• **ACTIVITY**: Among the entries below, one line contains "Sanitários CIV452 Edifícios" and another contains "El Camino : Un". Transcribe those two lines and every line between them, exactly.
===== RECORDS TO USE =====
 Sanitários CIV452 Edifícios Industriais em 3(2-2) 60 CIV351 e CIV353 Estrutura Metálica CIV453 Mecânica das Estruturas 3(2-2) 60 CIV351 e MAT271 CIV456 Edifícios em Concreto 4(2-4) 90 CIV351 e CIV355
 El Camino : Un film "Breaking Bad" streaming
=====
===== RECORDS TO USE =====
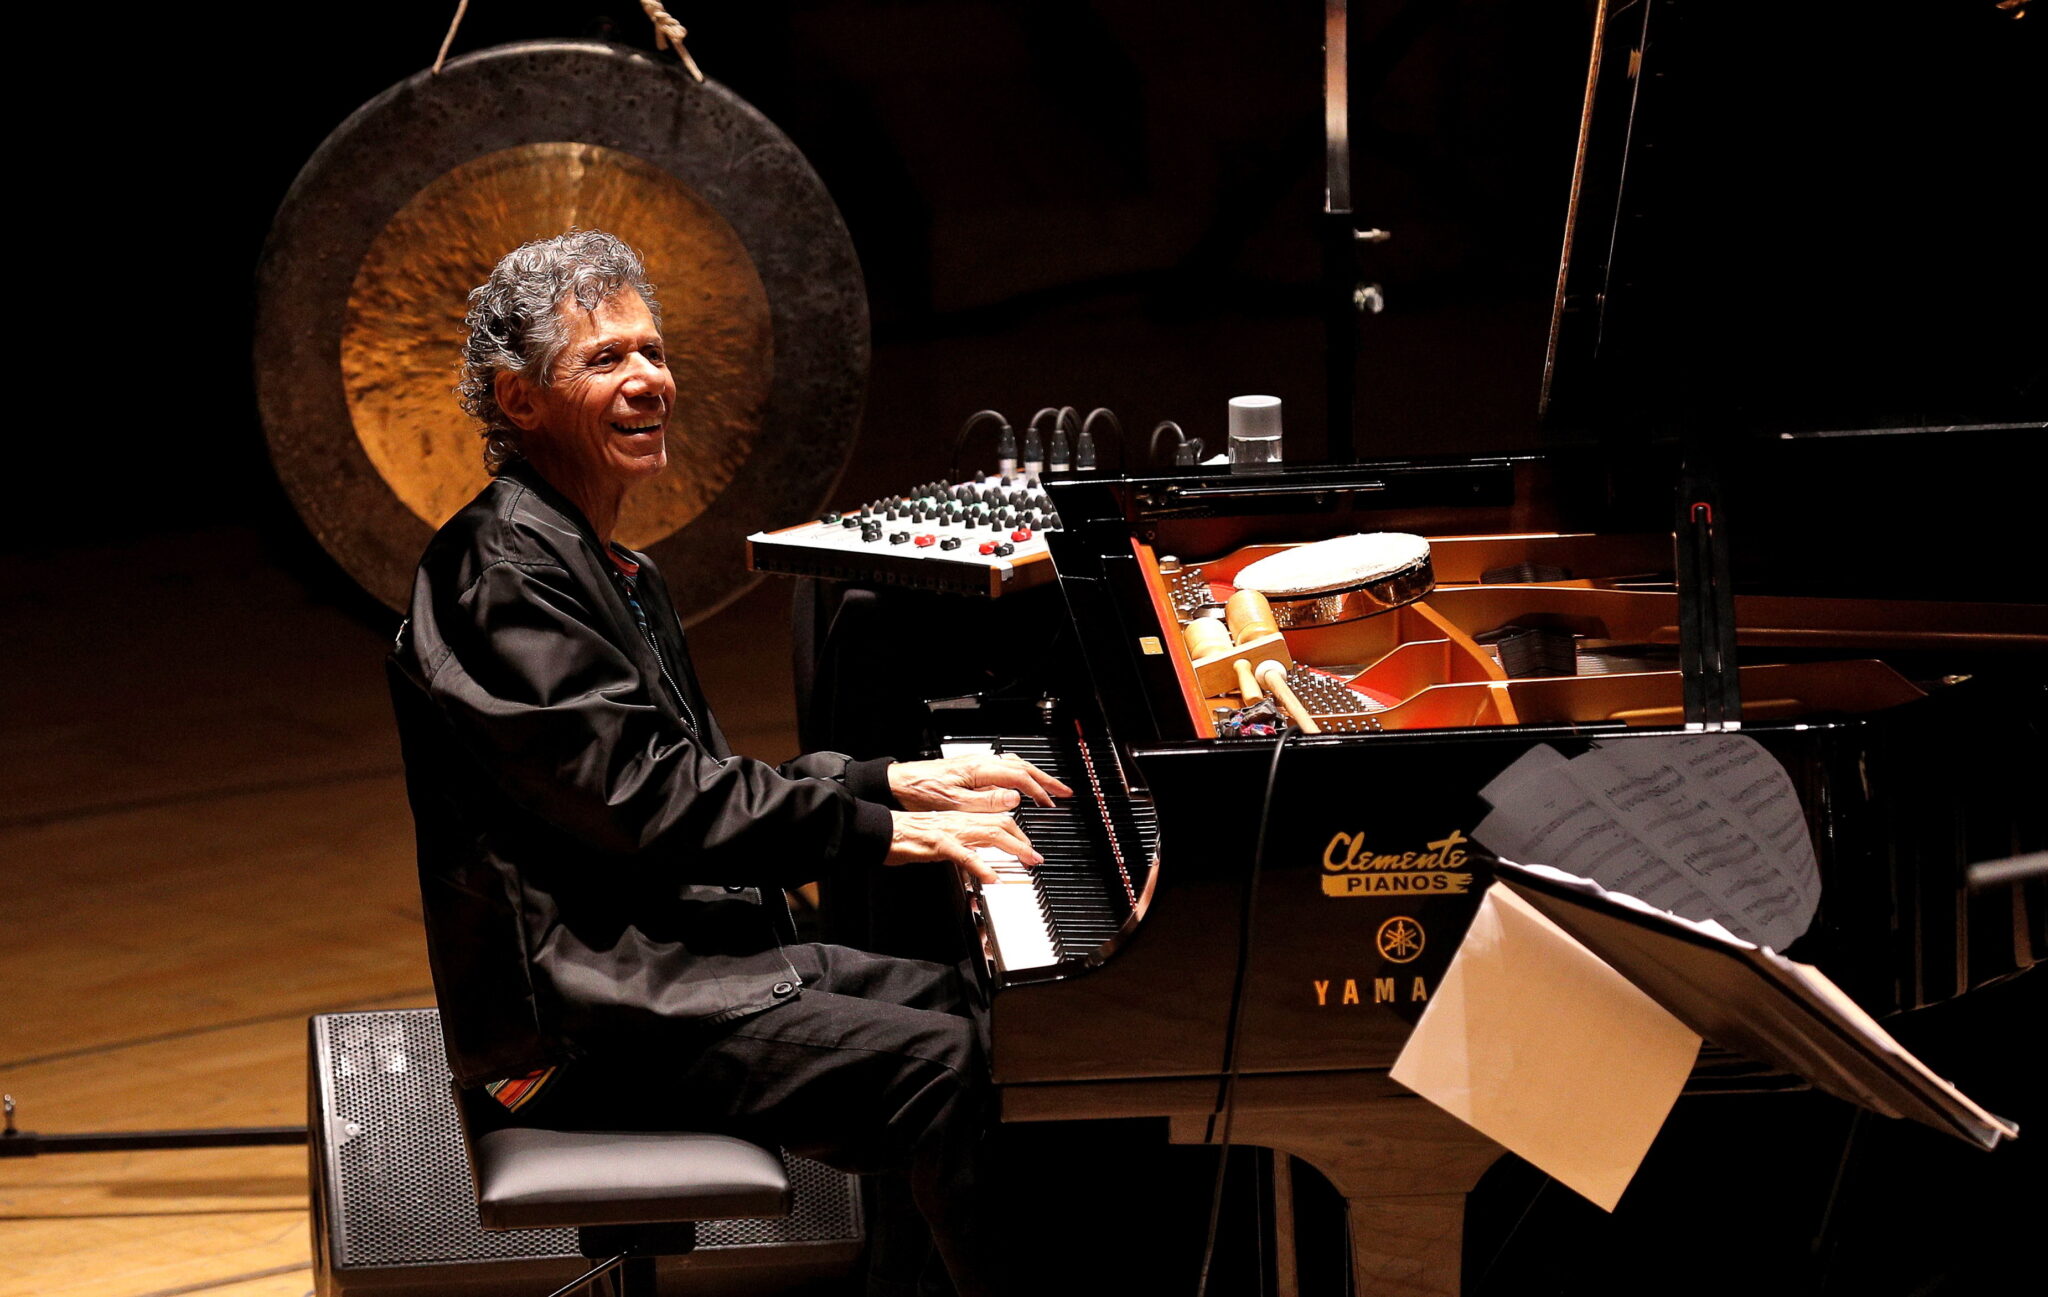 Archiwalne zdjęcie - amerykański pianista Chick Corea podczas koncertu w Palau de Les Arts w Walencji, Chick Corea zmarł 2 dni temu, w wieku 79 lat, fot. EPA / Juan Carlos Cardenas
=====
===== RECORDS TO USE =====
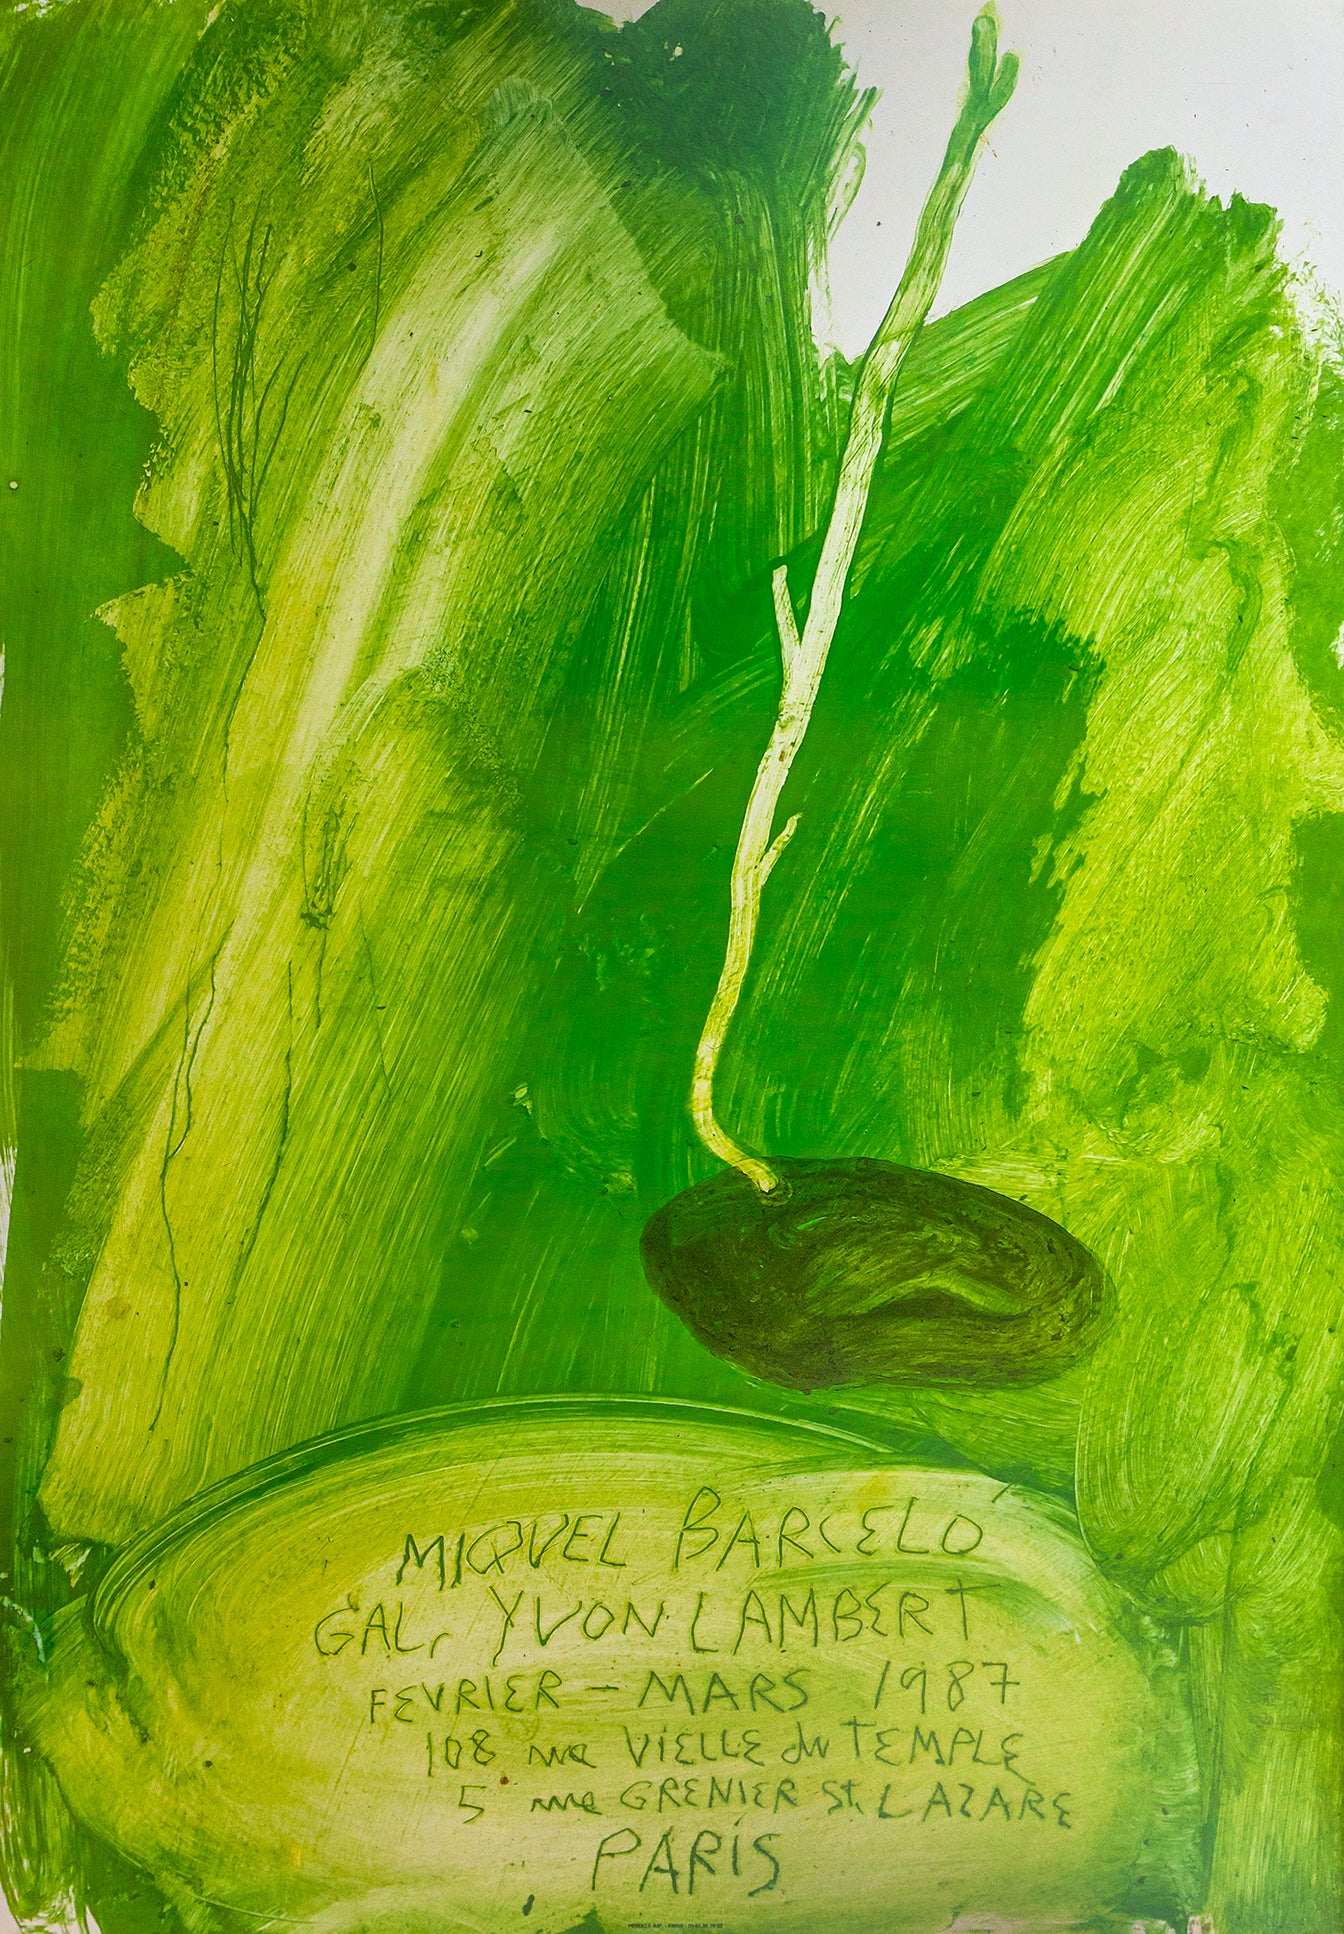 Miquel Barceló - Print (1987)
=====
• **OUTPUT OF THE EXERCISE**:
 Sanitários CIV452 Edifícios Industriais em 3(2-2) 60 CIV351 e CIV353 Estrutura Metálica CIV453 Mecânica das Estruturas 3(2-2) 60 CIV351 e MAT271 CIV456 Edifícios em Concreto 4(2-4) 90 CIV351 e CIV355
 El Camino : Un film "Breaking Bad" streaming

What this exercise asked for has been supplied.